John D jdean at googling.com
Sat Jan 30 22:30:20 PST 2010


Did anyone watch Shark Tank on TV this week? Captain Ice Cream was 
rejected by all of the sharks and sent packing because he wanted to sell 
a franchise that wasn't. One of the sharks said to him something along 
the lines of, "a franchise offering is a package deal for a product that 
is a well-oiled machine... all the kinks worked out". Or was it the Legal 
Grind, coffee shop lawyering, franchise that they said that to? Of the 
Legal Grind, the sharks said: so you've been doing this for umpteen years 
and haven't made any real money and now you want to offer a franchise?

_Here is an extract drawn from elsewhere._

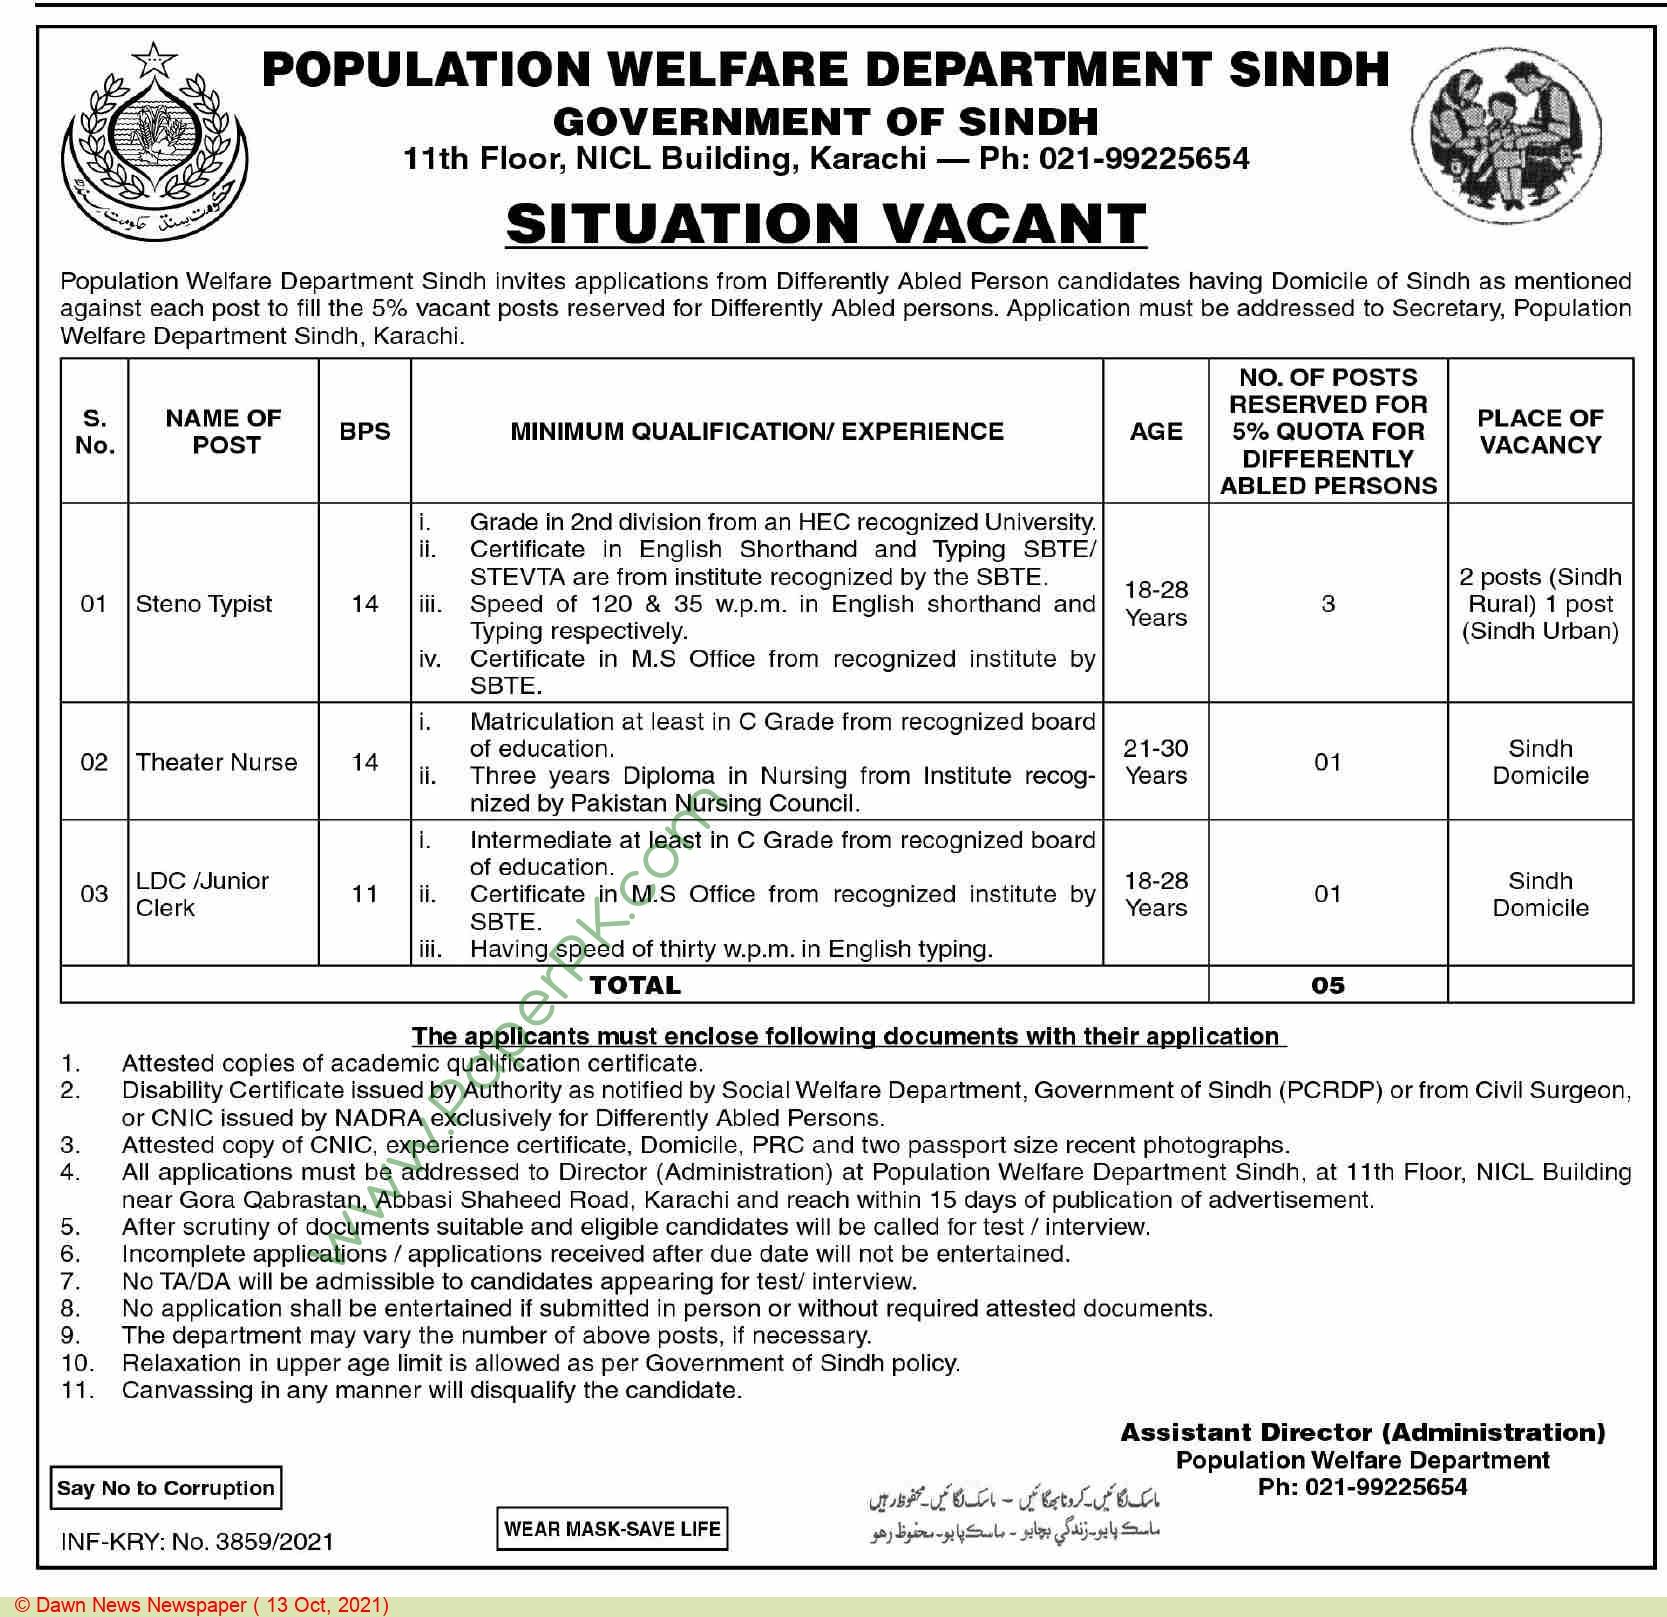 Population Welfare Department jobs newspaper ad for Steno Typist in Karachi on 2021-10-13
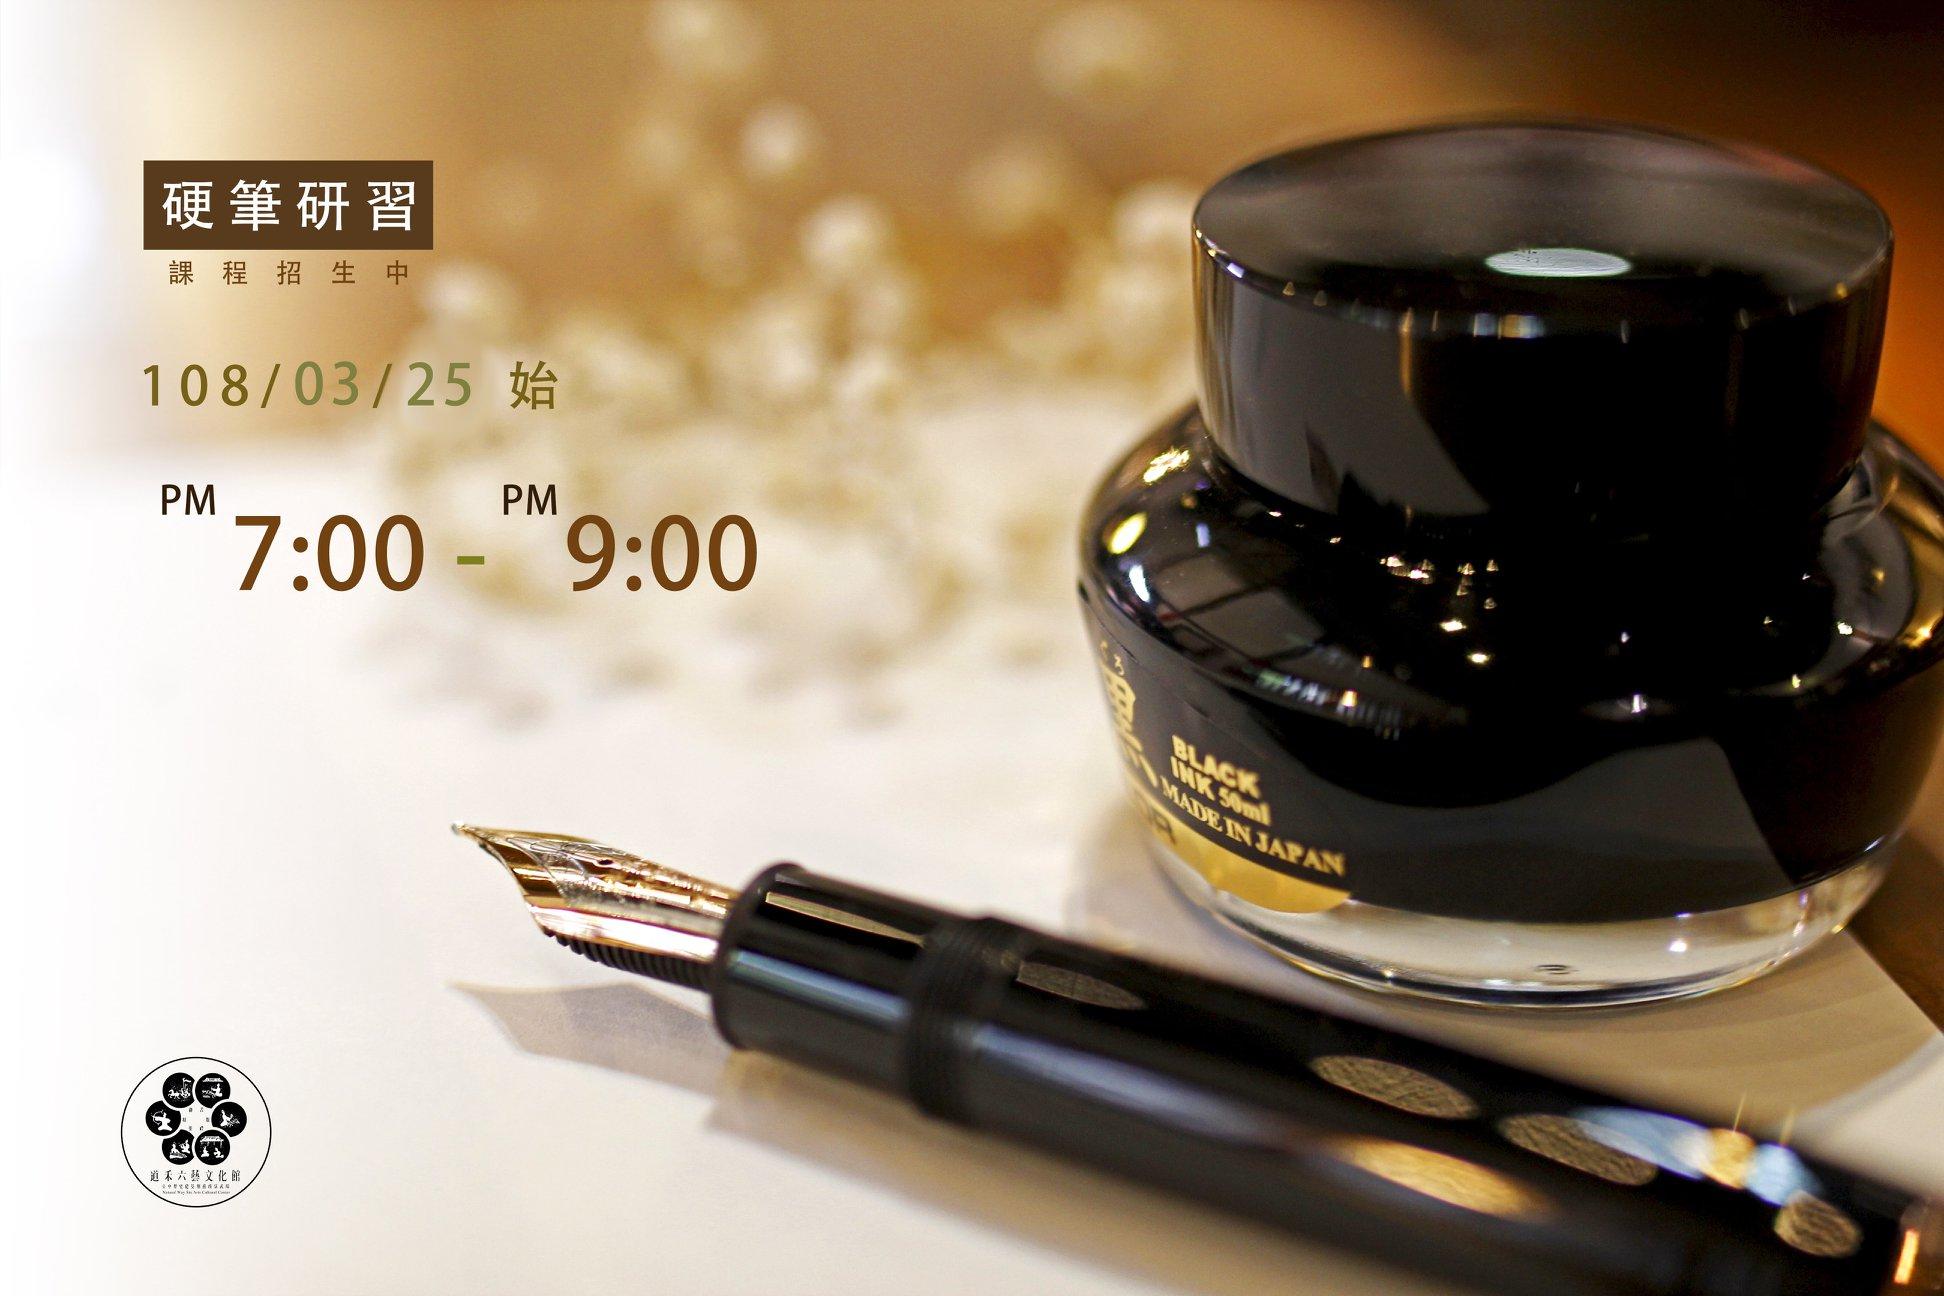 【習六藝●書】 硬筆研習 即將開班

Why a killing of trees for a manual that changes daily and can be on the 
internet? What is the point of TDPL? To make money? I don't see any value 
in a set of pages that are a manual for a constantly changing and 
unestablished computer programming language. Can't yaz save the trees and 
offer it for sale on the web to anyone who wants to pay for it? It's easy 
to setup a PayPal website (though I think D is far from that if ever). I 
don't see this thing selling in bookstores. A hard copy of an already 
obsolete specification? If it's just charitable contribution from long 
time afficionados, why not just .org and ask for contributions and not 
kill trees?

"TDPL: we want money"? Msg me when it is "TDPL: the well-oiled machine". 
(Note I didn't say "the well-oiled MONEY machine).